J’ai commencé ce mois avec une lecture qui sort très fortement de mes genres de prédilections, mais que voulez-vous, il y a des classiques qui traînent dans ma bibliothèque, et je ne les ai pas encore tous lus (d’où le fait que j’en lis au moins un ou deux par mois en ce moment) ; ce que j’aimerais bien terminer de faire avant la fin de l’année histoire de savoir ceux qui valent le coup d’être gardés et ceux qui mériteraient de trouver une autre maison.

Pour La jeune fille à la perle, je réserve mon jugement. En matière d’ouvrage transcendant les frontières entre les arts pour nous offrir un tableau extrêmement coloré et lumineux et une ode à la peinture (et notamment à la peinture néerlandaise) avec tout un travail méticuleux de restitution de l’art visuel via l’écrit, de compréhension du travail des nuances, de la pose des modèles, de la préparation des couleurs… et au-delà de cela de la vie à l’époque, c’est une oeuvre qui mérite sa place dans ma bibliothèque et dont je considère qu’elle peut vraiment apporter à tout auteur un point de vue précieux sur la façon de travailler le visuel dans l’écrit, ainsi que tous les petits détails du quotidien.

Mais parallèlement, l’intrigue et les personnages ne m’ont pas convaincue, tout ce qui a trait au semblant de romance est survolé comme s’il s’agissait d’évidences, les personnages principaux sont fades (alors que, paradoxalement, les personnages secondaires semblaient bien plus hauts en couleur, ce qui justifie leur impact sur l’intrigue) et Griet, la protagoniste, est passive, subit tout. A ce niveau-là, évidemment, il est difficile de juger un roman qui se veut avoir un fond historique et qui traite de la vie d’une servante au XVIIe siècle et je suis sans doute biaisée par les romans que j’ai le plus l’habitude de lire, mais l’impression reste malgré tout d’une histoire qui serait sans saveur, s’il n’était le travail sur le visuel. Donc pour le moment il reste sur mon étagère, mais il n’est pas dit qu’il ne finisse pas par disparaître.

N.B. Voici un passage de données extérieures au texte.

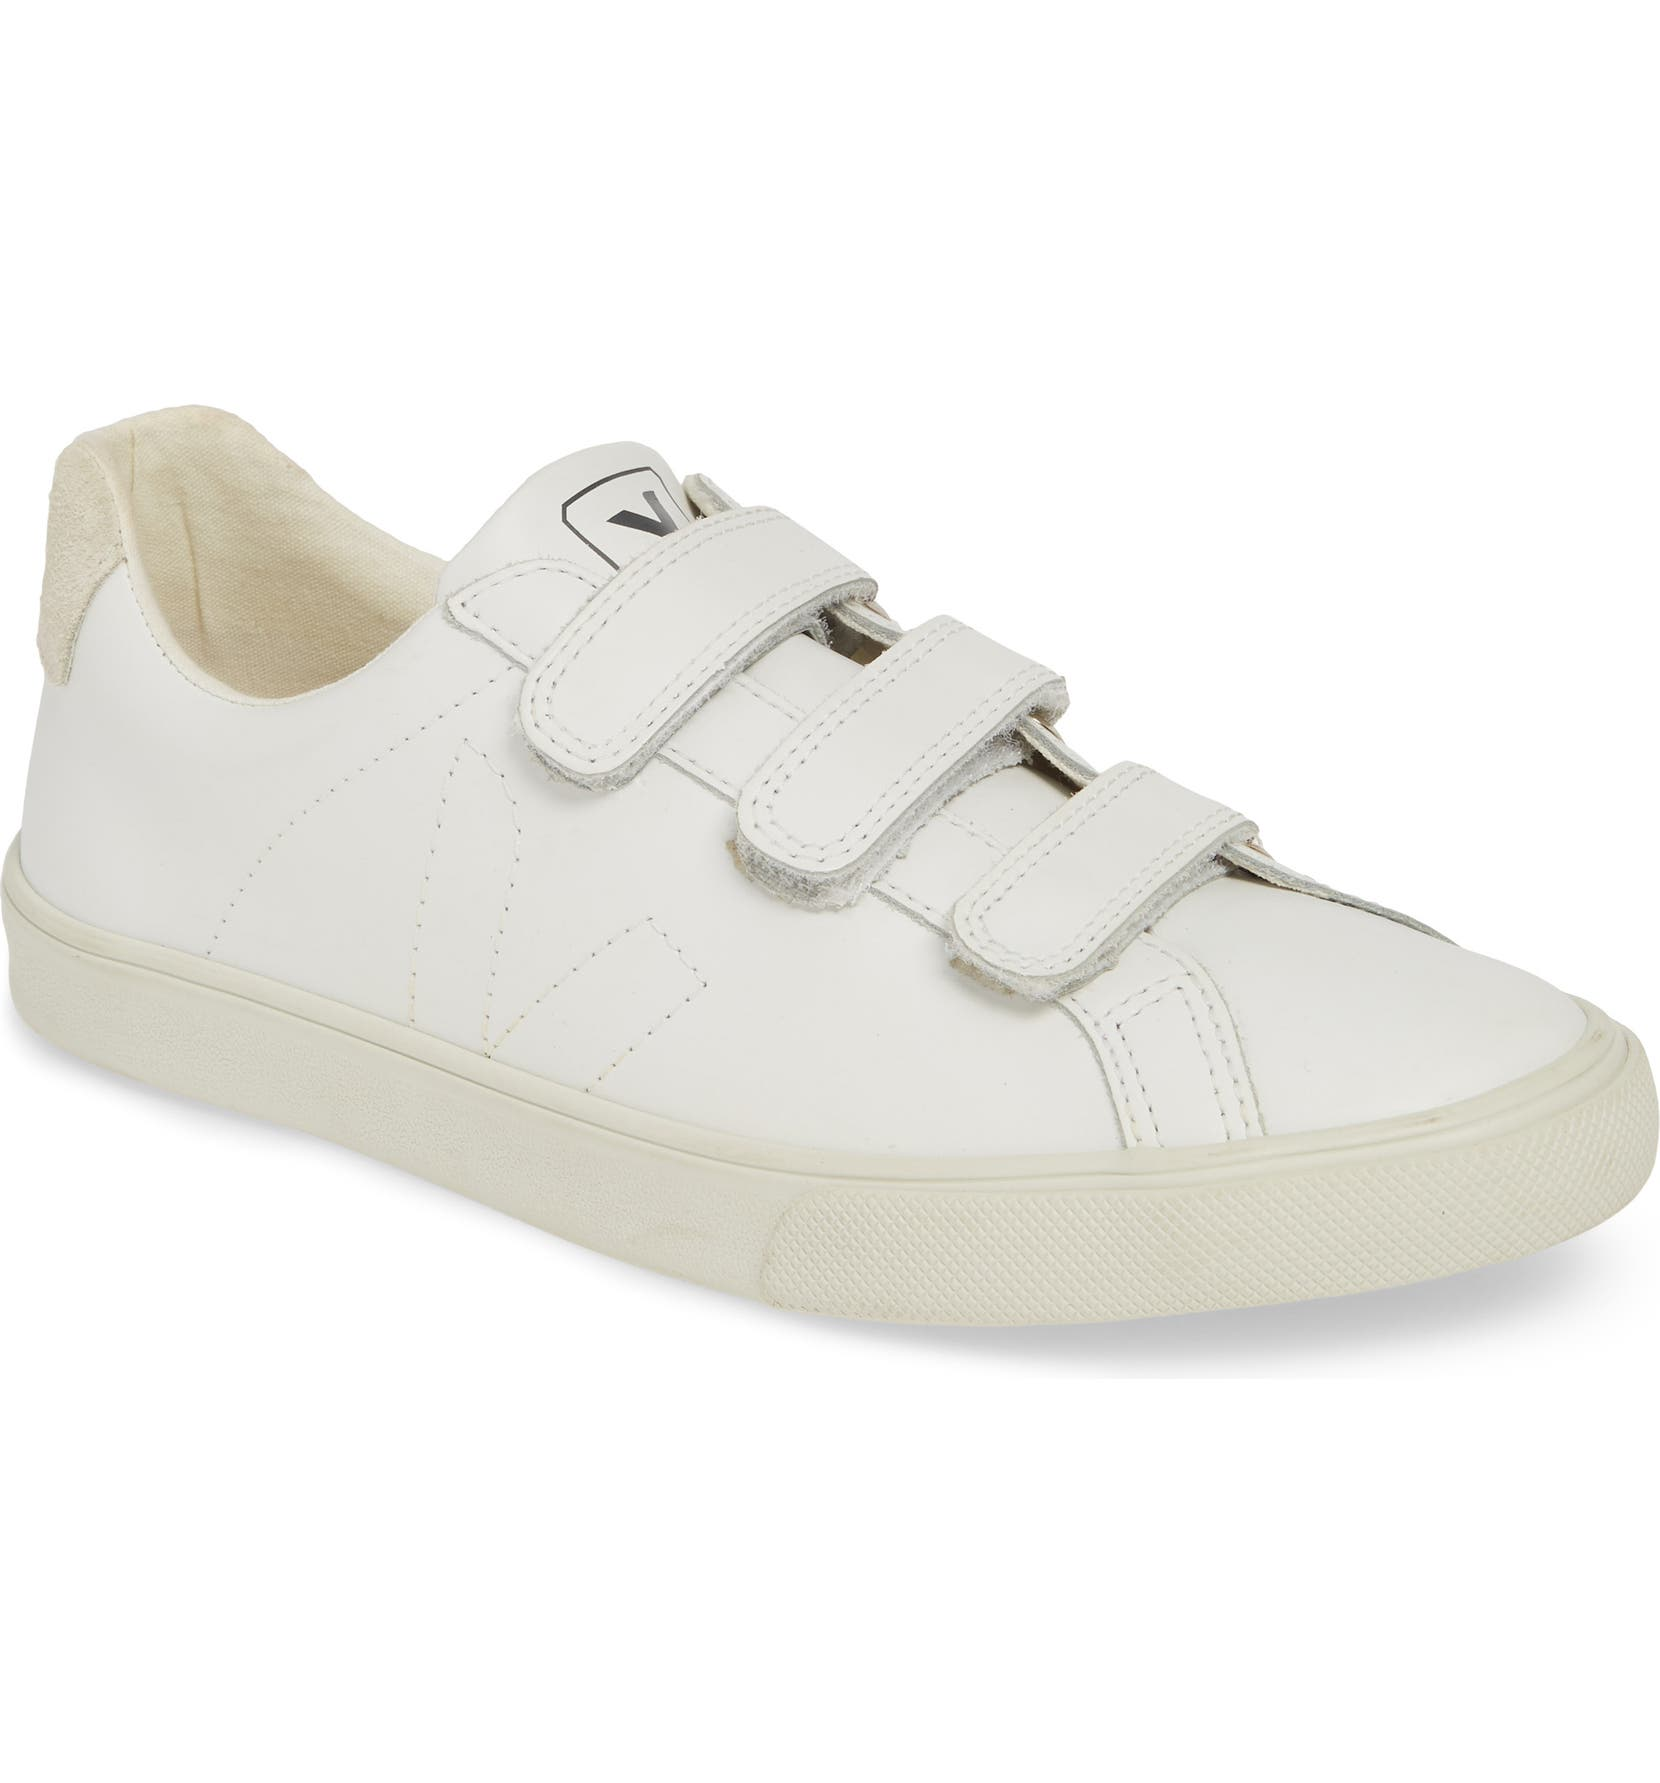 c4737807ef7 Esplar 3-Lock Sneaker

Marine Stengel, Systra, tome 2 : seconde épreuve

Marine Stengel, Systra, tome 2 Seconde épreuve, aux éditions Plume blanche

J’avais commencé Systra en mars avec le tome 1, et j’ai donc terminé avec le tome 2 ce mois-ci afin de boucler la boucle. Pour rappel, même si j’avais trouvé beaucoup de qualités au tome 1, je n’avais pas été particulièrement convaincue par le système dystopique mis en place en Europe dans ce roman et par ses raisons. Ce tome-ci commence aux Etats-Unis, avec un système politique bien différent mais tout aussi dystopique et un deuxième duo de frère et sœur, puisque dans le monde de Systra les dystopies se sont étendues à l’ensemble de la planète suivant le prétexte de la surpopulation. Commençons par le positif : le système qui a cours dans cette partie du monde me paraît d’une certaine façon plus crédible, bien que très extrême et un peu sensationnaliste (il existe un système de points pour encourager les citoyens à « bien » se comporter (crédible), ceux qui obtiennent trop de points sont purgés (sensationnaliste)), en tout cas la suspension de l’incrédulité fonctionne bien mieux que dans le tome 1 à ce niveau. 

Il va être difficile de parler de l’ensemble du roman sans spoiler, je vais quand même m’y atteler en prenant toutes les précautions nécessaires. Disons donc qu’il y a une rupture très nette entre la première partie du roman et la seconde et que le passage entre les deux parties m’a semblé un peu trop facile, cousu de fil blanc. L’ayant lu en audio, je ne connais pas exactement l’équilibre entre les deux parties mais à vue de nez je dirais qu’on est sur du 25/75 à peu près et j’ai ressenti assez fortement ce déséquilibre, avec une part prépondérante donnée à l’action. Et si le tome 1 se concentrait sur une survie individuelle qui était selon moi une de ses plus grandes qualités, on perd un peu cela dans le tome 2 avec un passage à l’action coordonné et organisé (je pense pouvoir dire cela sans trop spoiler ce qu’il se passe), sur lequel je suis restée un peu plus impassible, voire sceptique. Enfin, j’attendais beaucoup de réponses de ce tome 2, puisque le tome 1 laissait énormément de zones d’ombre dans cet univers, et de ce côté-là, une bonne partie des questions trouvent en effet leurs réponses, une autre, essentielle à mes yeux, n’en trouve aucune (la question, que je peux dire sans rien spoiler, étant : « Pourquoi, à quoi ça les avance ? »). Il m’a manqué un peu d’explications et je ne suis donc pas tout à fait convaincue, mais je pense que je ne suis pas tout à fait le bon public pour les dystopies young-adult, que j’en attend une trop grande part de philosophie et donc, si vous aimez les page-turner et l’action, je vous recommande de vous faire votre propre avis sur Systra, qui a un rythme assez poussé, des personnages attachants et une jolie plume.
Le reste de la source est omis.